# 2. Node Embeddings with TransE 

## 2.1 Warmup: Why the Comparative Loss?
We could have a graph with 4 entities and 2 relationships:
```
(Higher Brothers) ---(from)--->   (China)  
                                     |  
                              (to the north of)    
                                     |  
                                     v  
   (Rich Brian)   ---(from)---> (Indonesia)  
```
There is a trival solution than could minimize the loss function to 0, that is:  
$\mathbf e = [0, 1]^T$ for all entities and $\boldsymbol \ell = [0, 0]^T$ for all relationships. This is a completely useless embedding. 

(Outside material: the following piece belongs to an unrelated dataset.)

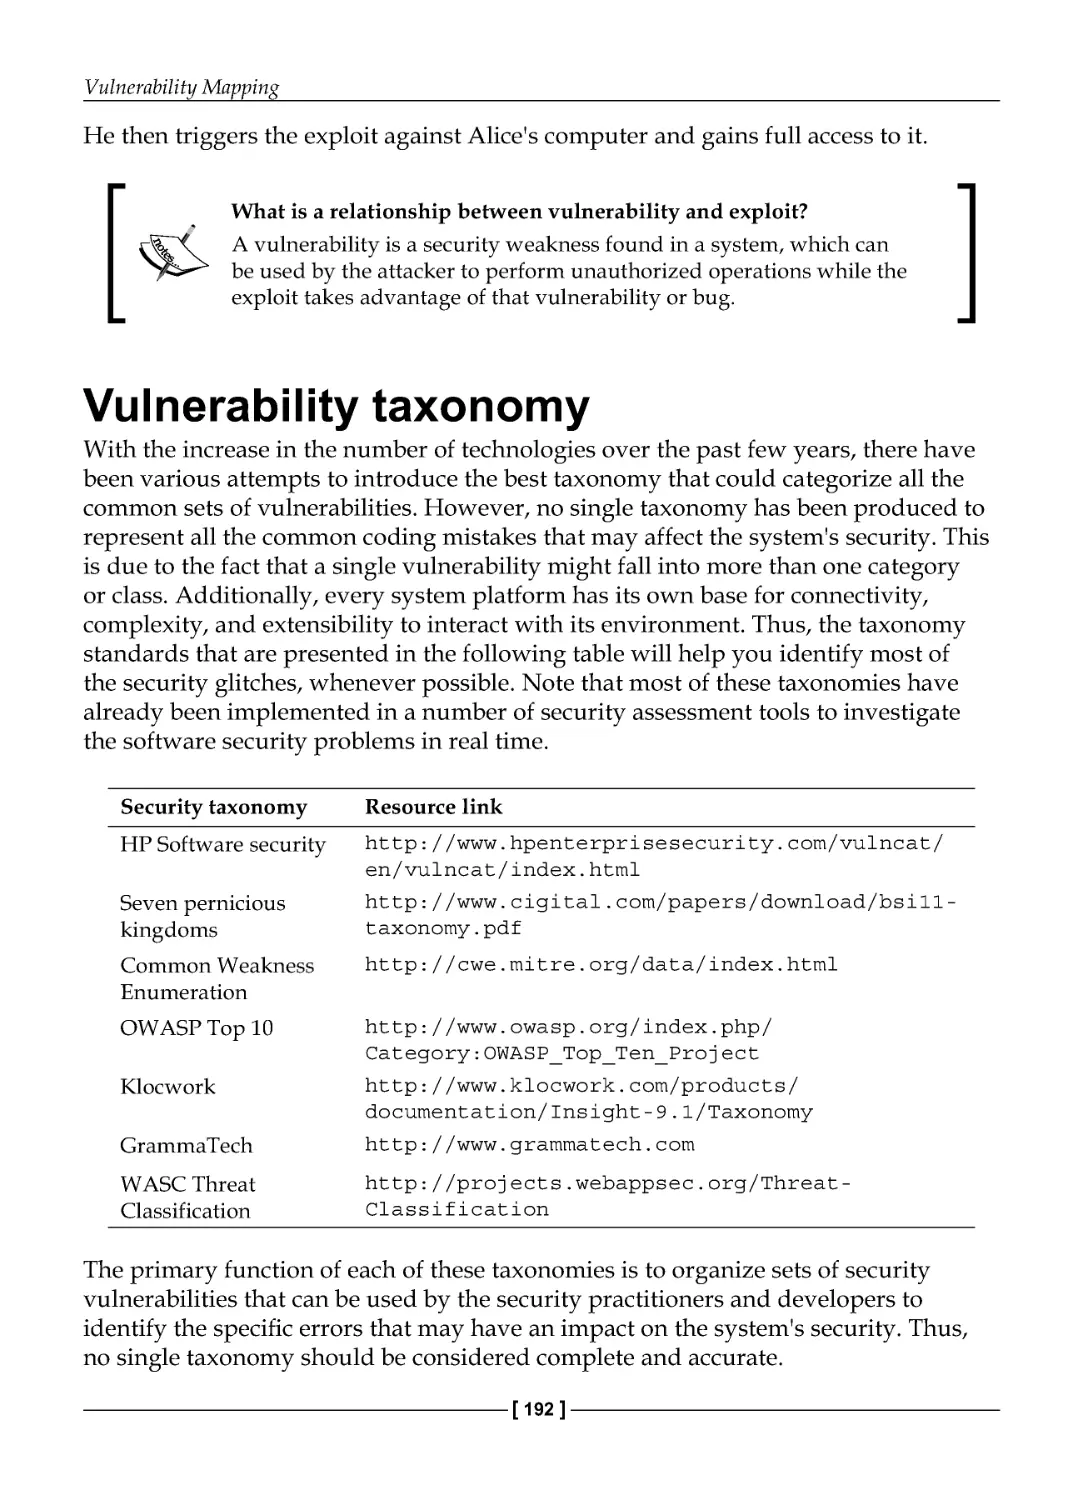 Vulnerability taxonomy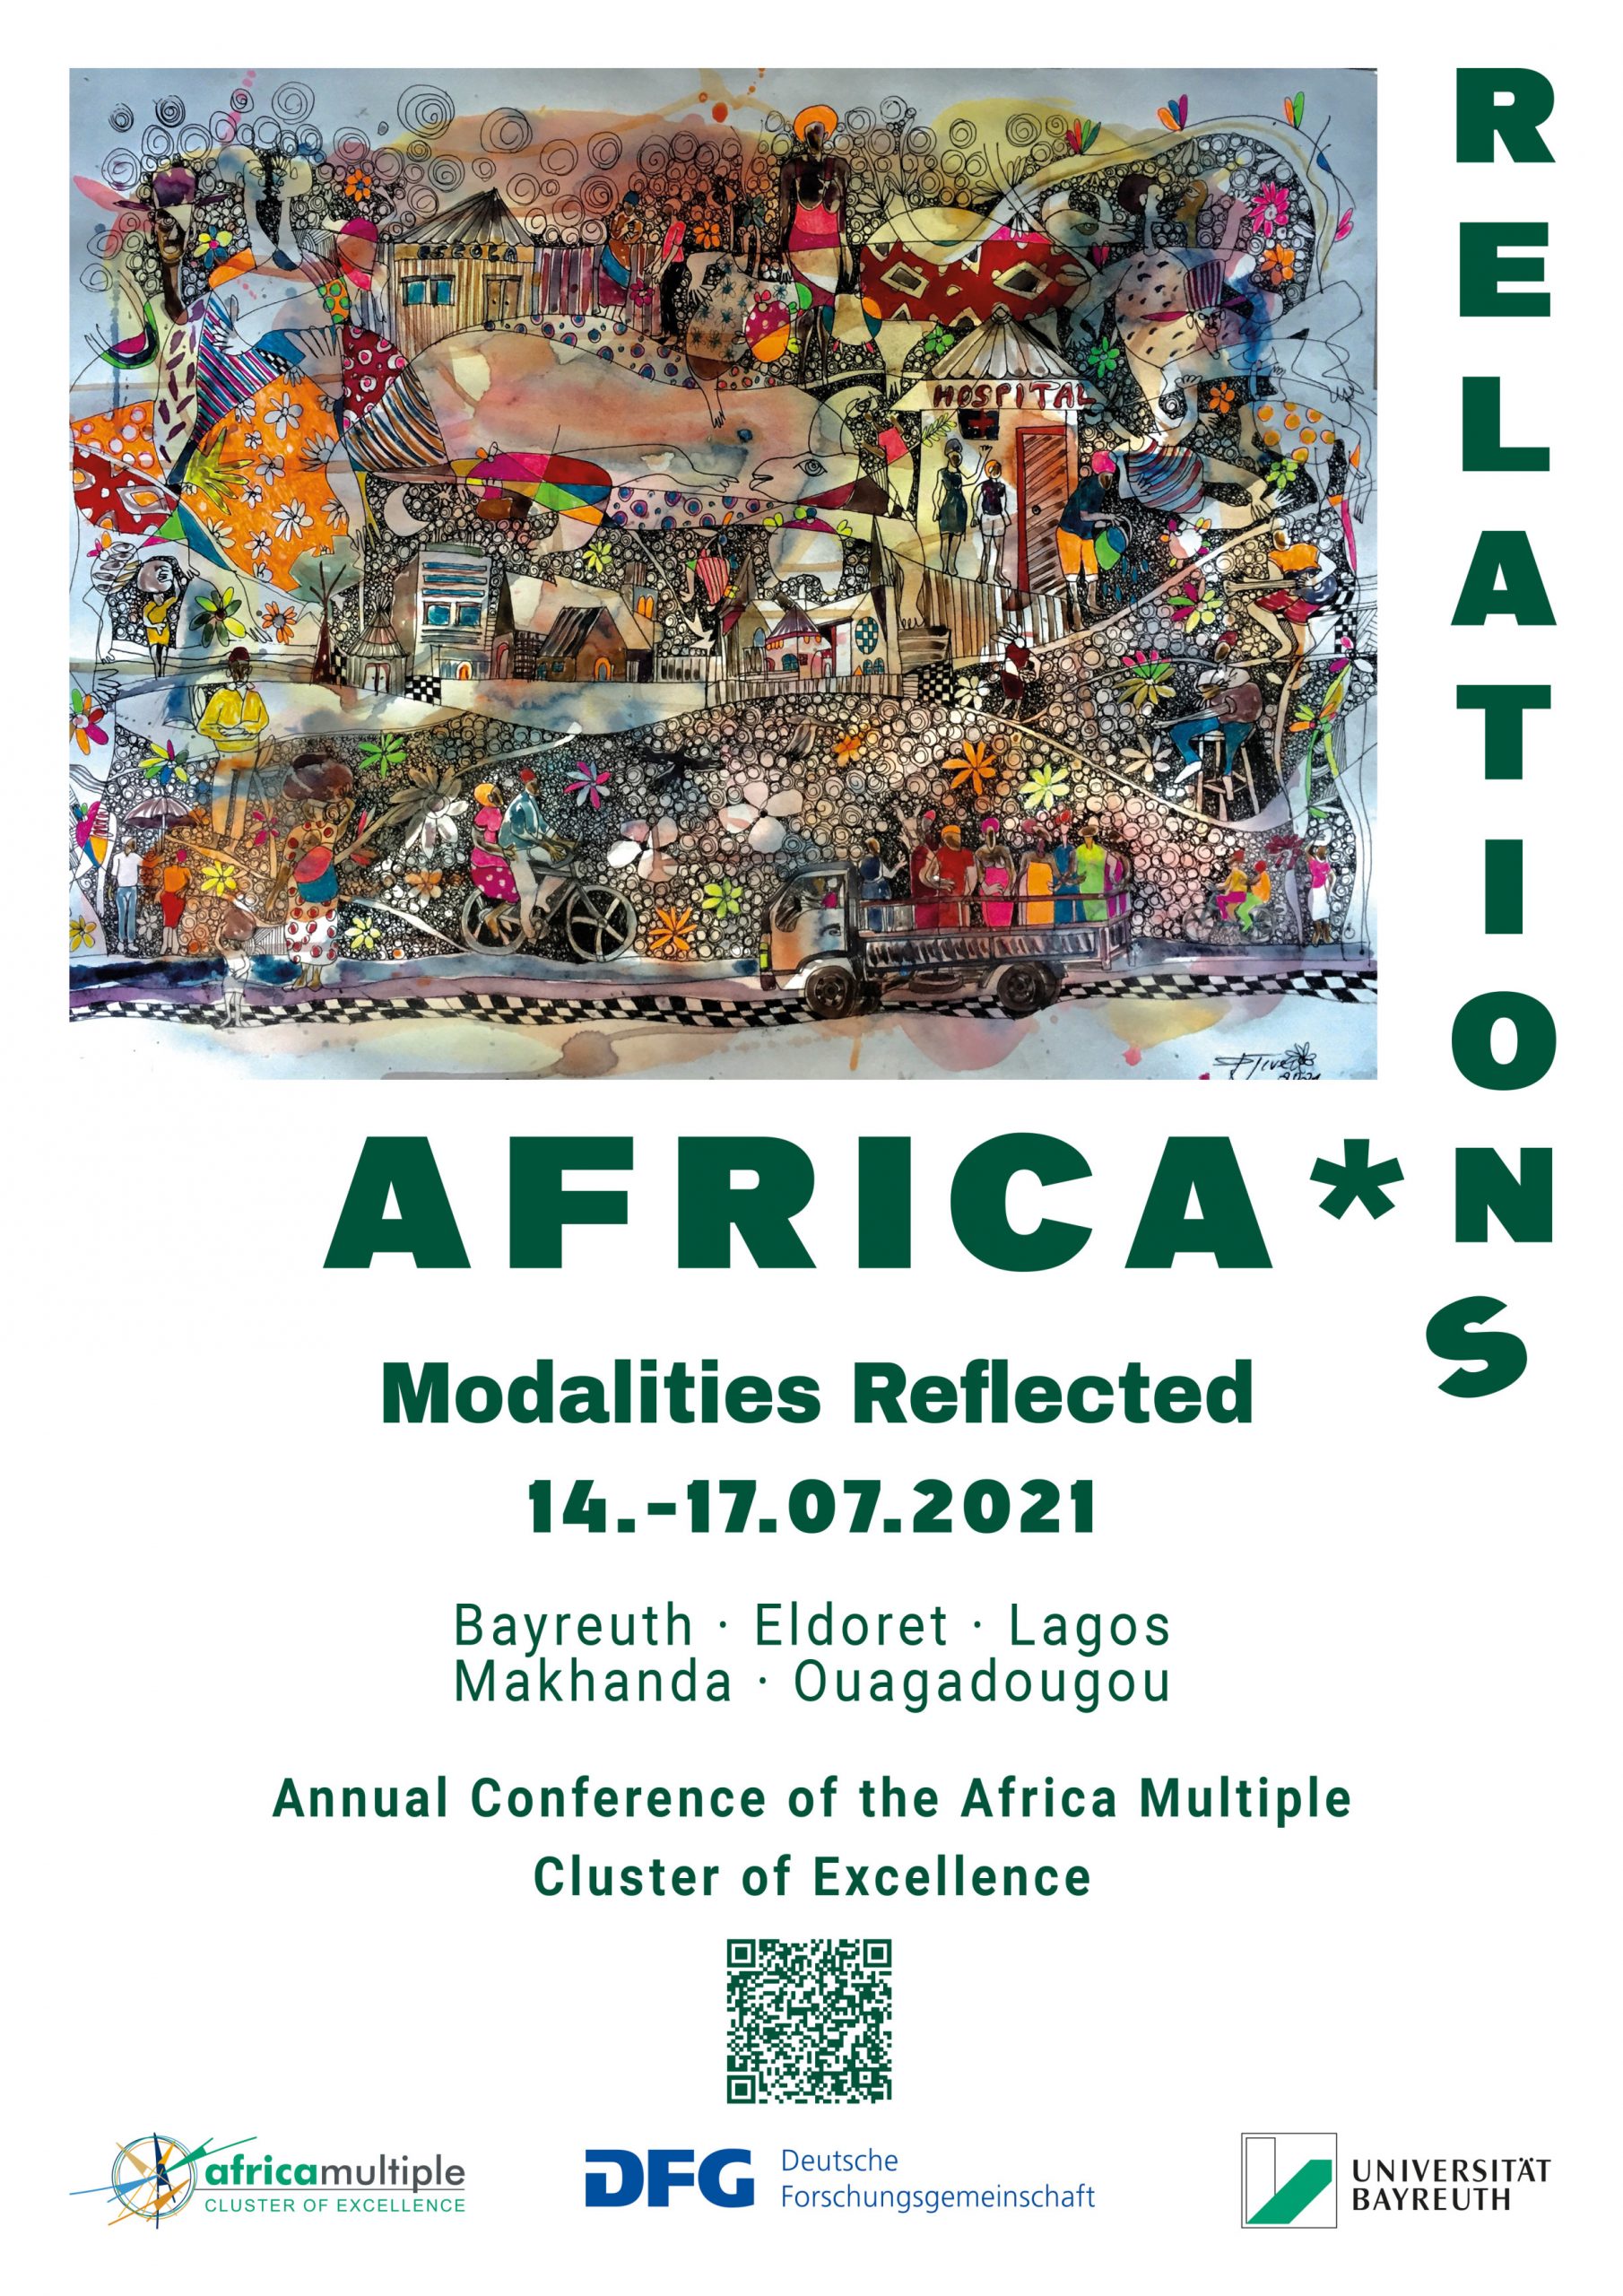 2ème Conférence internationale du cluster d’excellence Africamultiple : «Africa*n Relations: Modalities Reflected »

Note that is does not mean that the algorithm will always end up with this embedding. 

## 2.2 The Purpose of the Margin
With the same embeddings in 2.1, we again minimize the loss function to 0. 

## 2.3 Why are Entity Embeddings Normalized?
The paper explains: 
> This constraint is important for our model, as it is for previous embedding-based methods, because it prevents the training process to trivially minimize $\mathcal L$ by artificially increasing entity embeddings norms. 

Removing the norm constraint, the margin may sometimes be useless. Assuming that the loss function could be minimized to zero with a small non-zero margin $\gamma_1$ (which means that we get a perfect embedding). Then, even if we increase the margin (from $\gamma_1$ to $\gamma_2$), the model could cheat the loss function by just increase the norms (while keeping the direction) by $\frac{\gamma_2}{\gamma_1}$. The model minimizes the loss to zero, but does not improve the embeddings. 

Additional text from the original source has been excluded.